The catch is that cache TTL is 5 minutes on Anthropic's implementation, so caching only helps if you're making multiple calls within that window. Batch your calls or structure your pipeline to reuse cached context within a session.

Batch Processing

OpenAI and Anthropic both offer batch APIs at 50% discount for non-real-time workloads. If your agent runs overnight research jobs or processes queued emails, batch mode halves your model costs with no quality tradeoff. The latency hit is up to 24 hours, which is acceptable for async workflows.

The implementation pattern is straightforward: instead of calling the API directly, serialize your requests to a JSONL file, submit the batch, poll for completion, and process results. The OneShot SDK handles the tool execution layer while you control which model tier your reasoning calls use.

Dashboard Design: What to Actually Display

Most observability tools like LangSmith give you per-trace token counts and latency. That's necessary but not sufficient. The metrics that drive decisions are:

Cost per successful task, trended daily. A rising trend with stable success rate means your prompts are getting longer or you're escalating to expensive models more often.
Cost by tool, sorted descending. This shows where to focus compression and routing effort.
Success rate by tool. A tool with high cost and low success rate is your biggest problem.
Model spend concentration. If one model accounts for over 70% of spend, you have a routing opportunity.
P95 cost per task. The average hides expensive outliers. Long-tail expensive tasks often indicate runaway retry loops or context window bloat.

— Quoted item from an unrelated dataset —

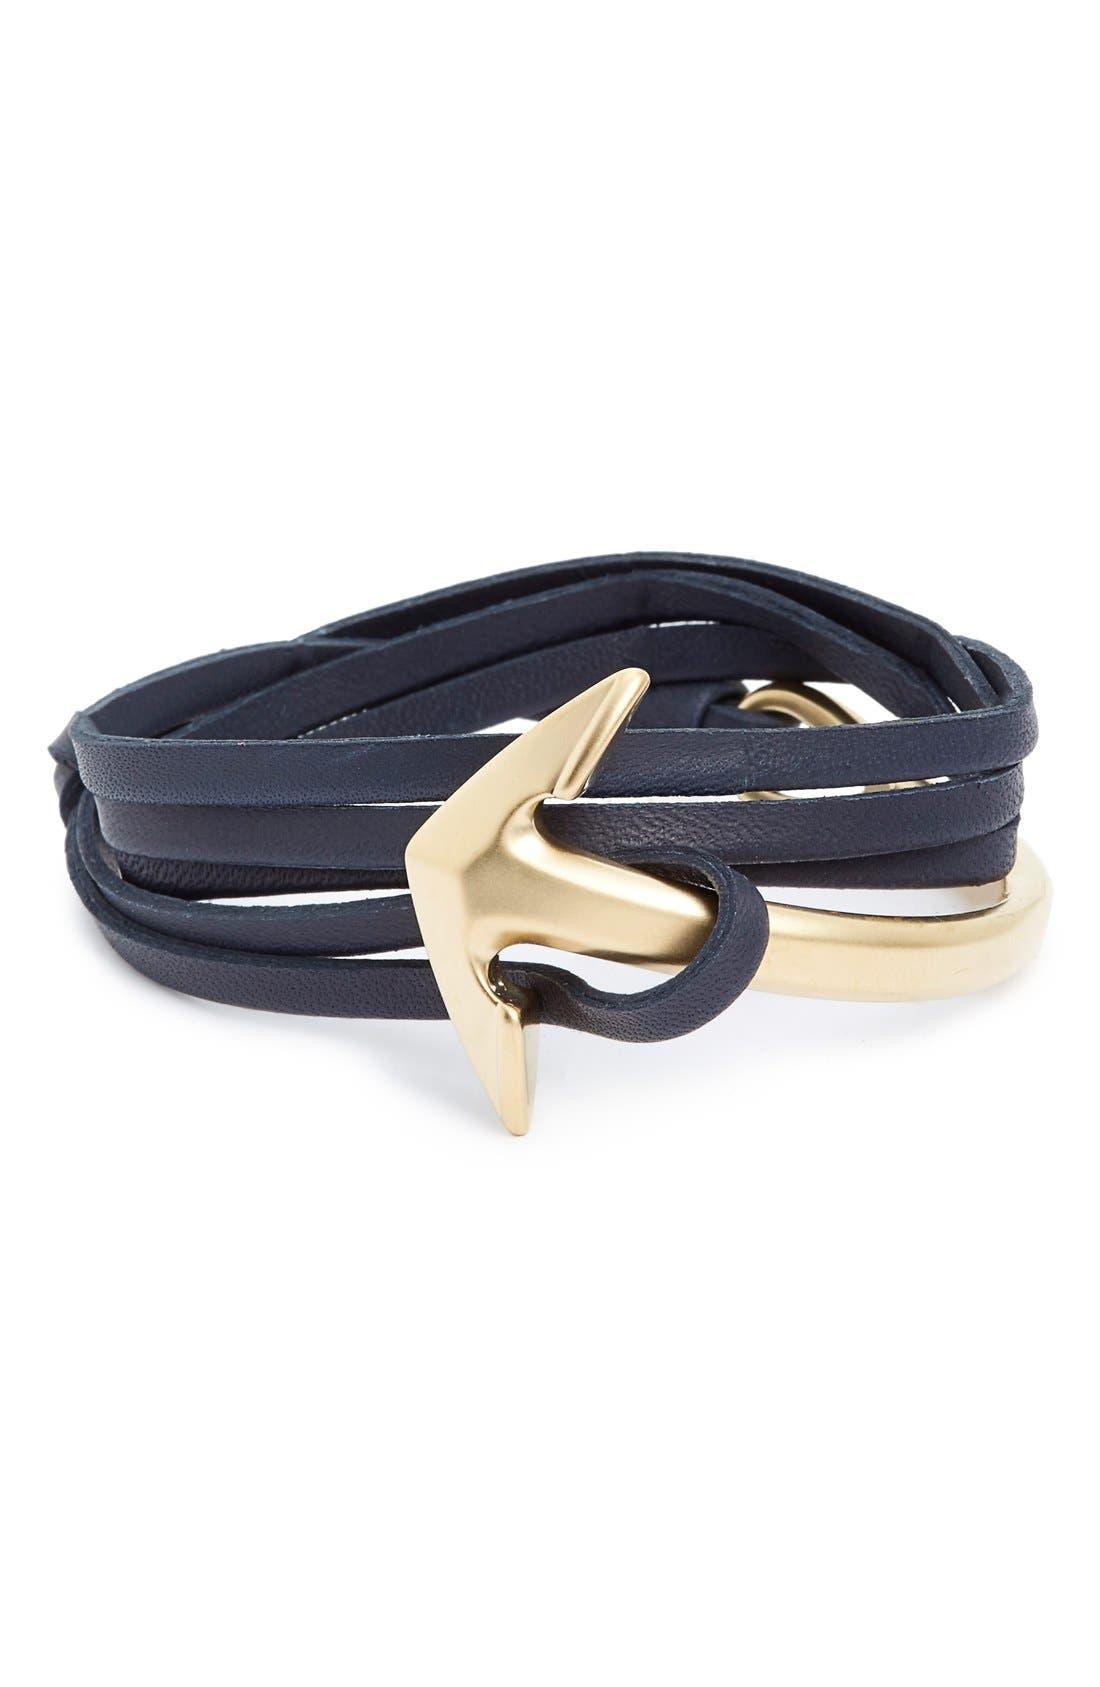 Main Image - Miansai Half Cuff Anchor Leather Wrap Bracelet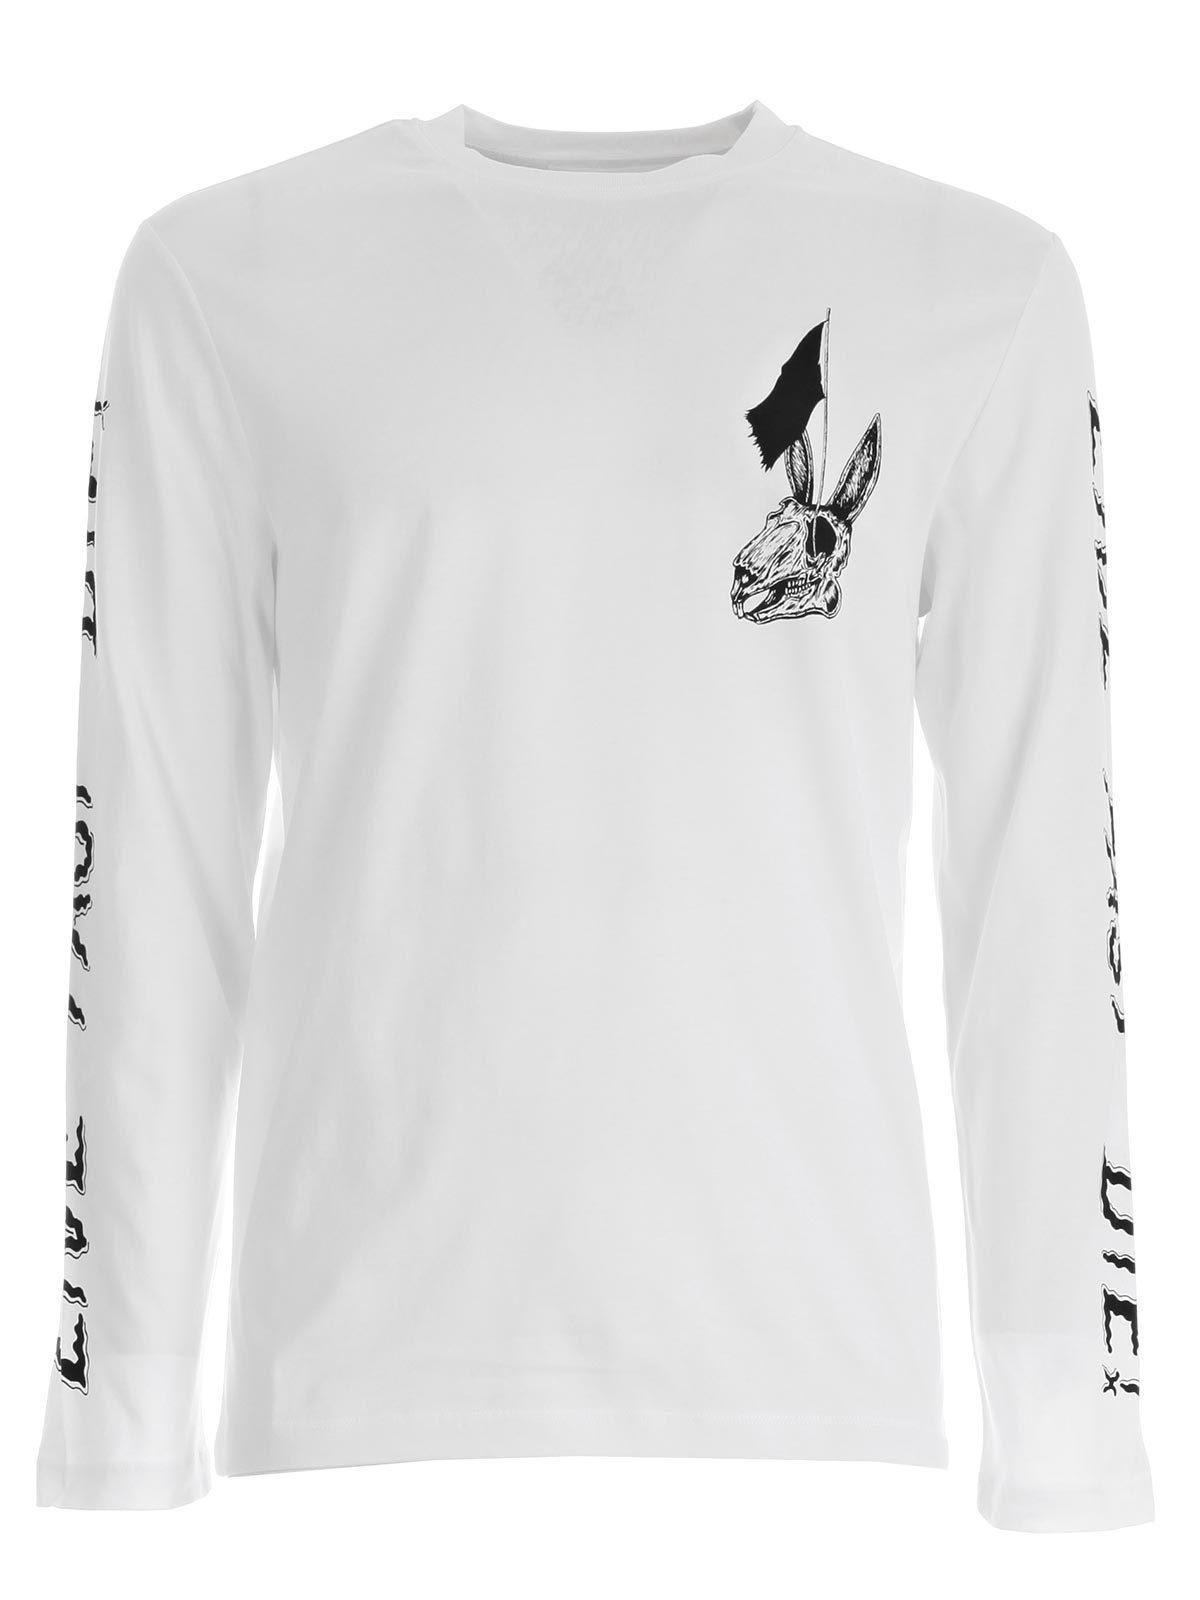 68040cd3 Lyst - McQ Bunny Long Sleeve Shirt in White for Men

Store your aggregated metrics in a time-series format so you can detect regressions. A new prompt deployment that increases average task cost by 15% should trigger an alert before it runs for a week.

Connecting Tool Costs to LLM Costs

If your agent uses external tools alongside LLM calls, you need those costs in the same ledger. An agent that makes a voice call, sends an email, and runs three LLM reasoning steps has a blended cost that includes both. OneShot's pricing page documents per-tool costs for voice, email, SMS, and research calls, which you can add to your LLMCall records using the same taskId attribution pattern.

Extend your data model with a ToolCall type alongside LLMCall, both tagged with the same taskId. Your summarizeTask function then aggregates across both types to give you the true cost of a task, not just the model portion of it.

For agents running in the Soul.Markets ecosystem where agents pay for tools with USDC via x402, this matters even more: your LLM spend and your tool spend are both real money flows, and the ratio between them determines your margin on each task type.

What to Build Next

Once you have cost per successful task instrumented and stable, the next useful thing is a cost budget per task type. Set a ceiling, say $0.12 for a research task, and have your orchestrator abort or downgrade the model tier if a task is tracking over budget at the midpoint. This prevents runaway costs from edge cases where the agent gets stuck in a reasoning loop.

After that, build a model routing experiment framework. Route 10% of classification calls to a cheaper model, measure success rate and cost, and promote the cheaper model if success rate doesn't drop more than 2 percentage points. This is how you systematically reduce model spend without sacrificing quality. The goal is not the cheapest possible setup but the cheapest setup that meets your quality threshold, measured per tool and per task type.

By Q3 2026, expect most production teams running multi-model pipelines to have cost-per-task as a first-class metric in their deployment dashboards. Teams that instrument this now will have 6-12 months of baseline data when they need it for capacity planning and pricing decisions.